Джим заметил облачко разочарования на лице Энджи.
— Я не отбрасываю всю идею целиком, — поспешно произнес он. — Идея действительно великолепная, но вот детали… Прежде всего, сегодня Рождество, и что-то подобное придуманному тобой, должно свершиться в день Рождества, ты так не считаешь? И еще подумай, ведь это религиозная сцена, и, вероятно, лучше поговорить сначала с епископом и выяснить, нет ли у церкви каких-либо возражений.

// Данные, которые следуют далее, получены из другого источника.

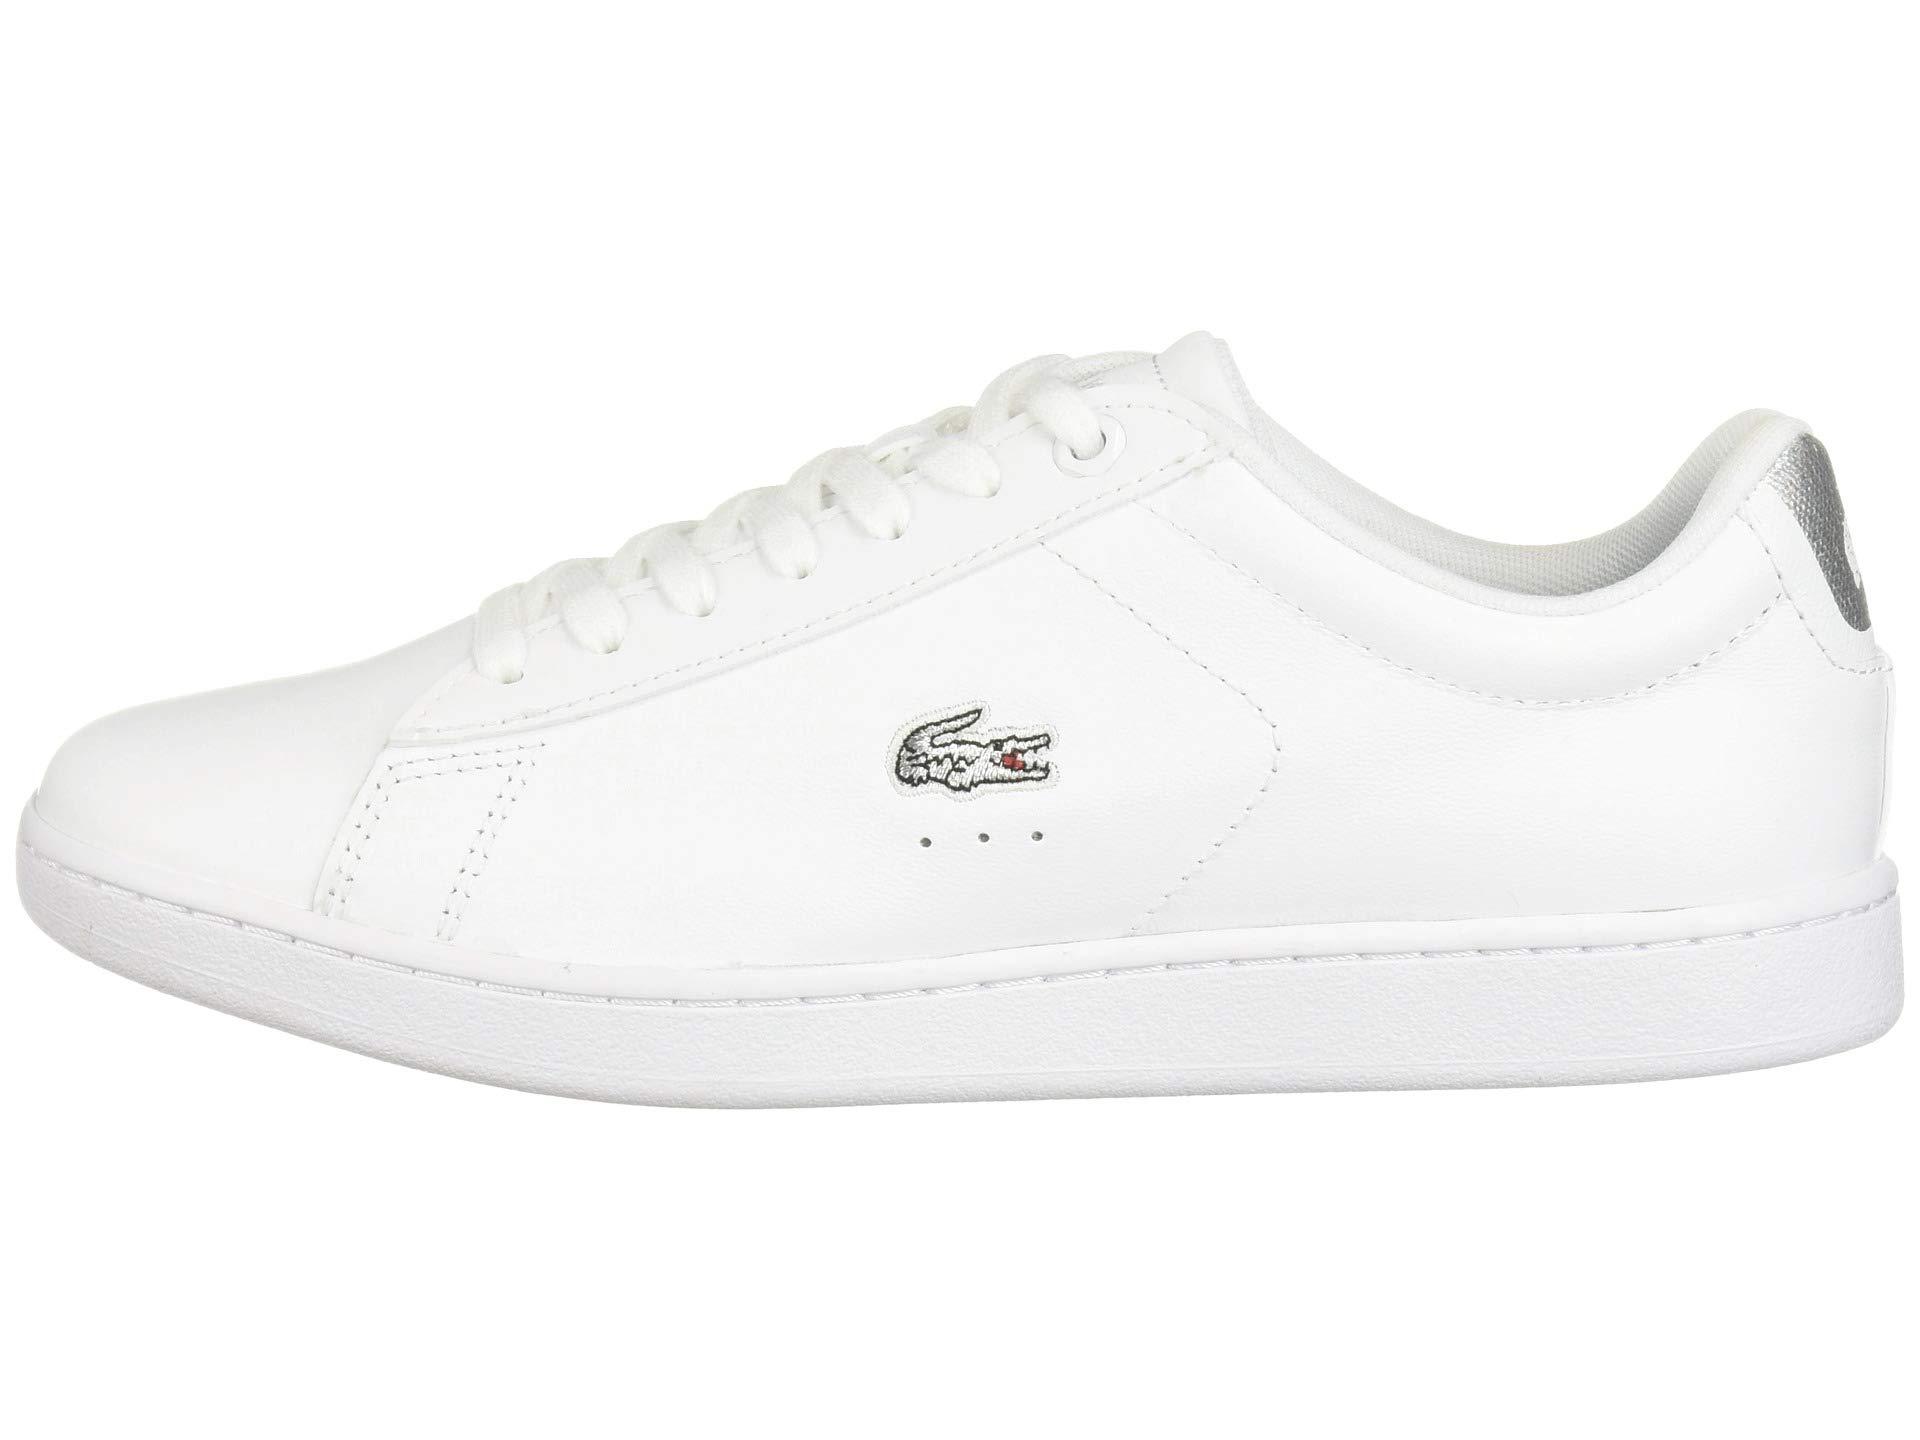 Lacoste Leather Carnaby Evo 219 1 Sfa

— Откуда возьмутся возражения?
— Не знаю, но не забудь, это средневековая церковь. Никто здесь никогда не упоминал о сцене в яслях. Если они обычно этого не представляют, значит, возможны какие-то сомнения. — Энджи выглядела огорченной. — Не знаю, я просто оцениваю ситуацию, — добавил Джим. — Конечно, я не считаю, что это нельзя сделать. Я не особенно понимаю, как можно незаметно для всех привести тролля, чтобы он всех обнюхал. И как он обнаружит запах другого тролля в полном народа зале? Мне кажется, для него это чересчур сложно. Но позволь, я подумаю и об этом. Спасибо, Энджи. Это поистине прекрасная мысль. Только дай мне время обдумать детали и понять, насколько это все выполнимо. Мы же не хотим все начать, а затем, когда будет уже поздно, выяснить, что просмотрели что-то важное. Прежде всего, надо помнить, что, если мы всех огорчим, это может помешать нам получить опекунство над Робертом.
— Я не подумала об этом. Ты прав Джим. Лучше уж разберись со всем, а я пока подумаю, как нам одеться.
— Конечно, послушай, — сказал он, — ведь Рождество еще продолжается, верно?
— Рождественский вечер, — ответила она, придерживая гобелен, прикрывавший вход в соседнюю комнату. Она явно собиралась оставить Джима. — А что?
— Не знаю, что-то у меня мысли путаются. Я думал Рождество праздновали вчера. Кажется, я просто устал. Сегодня слишком много всего произошло, хватило бы на целую неделю.
Энджи оставила гобелен и вернулась в комнату:
— Что случилось?
Джим широко зевнул.
— Думаю, я не готов рассказать тебе все сейчас. Я… За дверью послышались голоса. Разговаривали громче обычного.
— Прочь, черт тебя побери! — прорычал один голос. — По какому праву ты меня расспрашиваешь?
— Миледи приказала мне сначала спросить, затем осторожно заглянуть в комнату и узнать, можно ли кого-то впускать, — возразил другой голос.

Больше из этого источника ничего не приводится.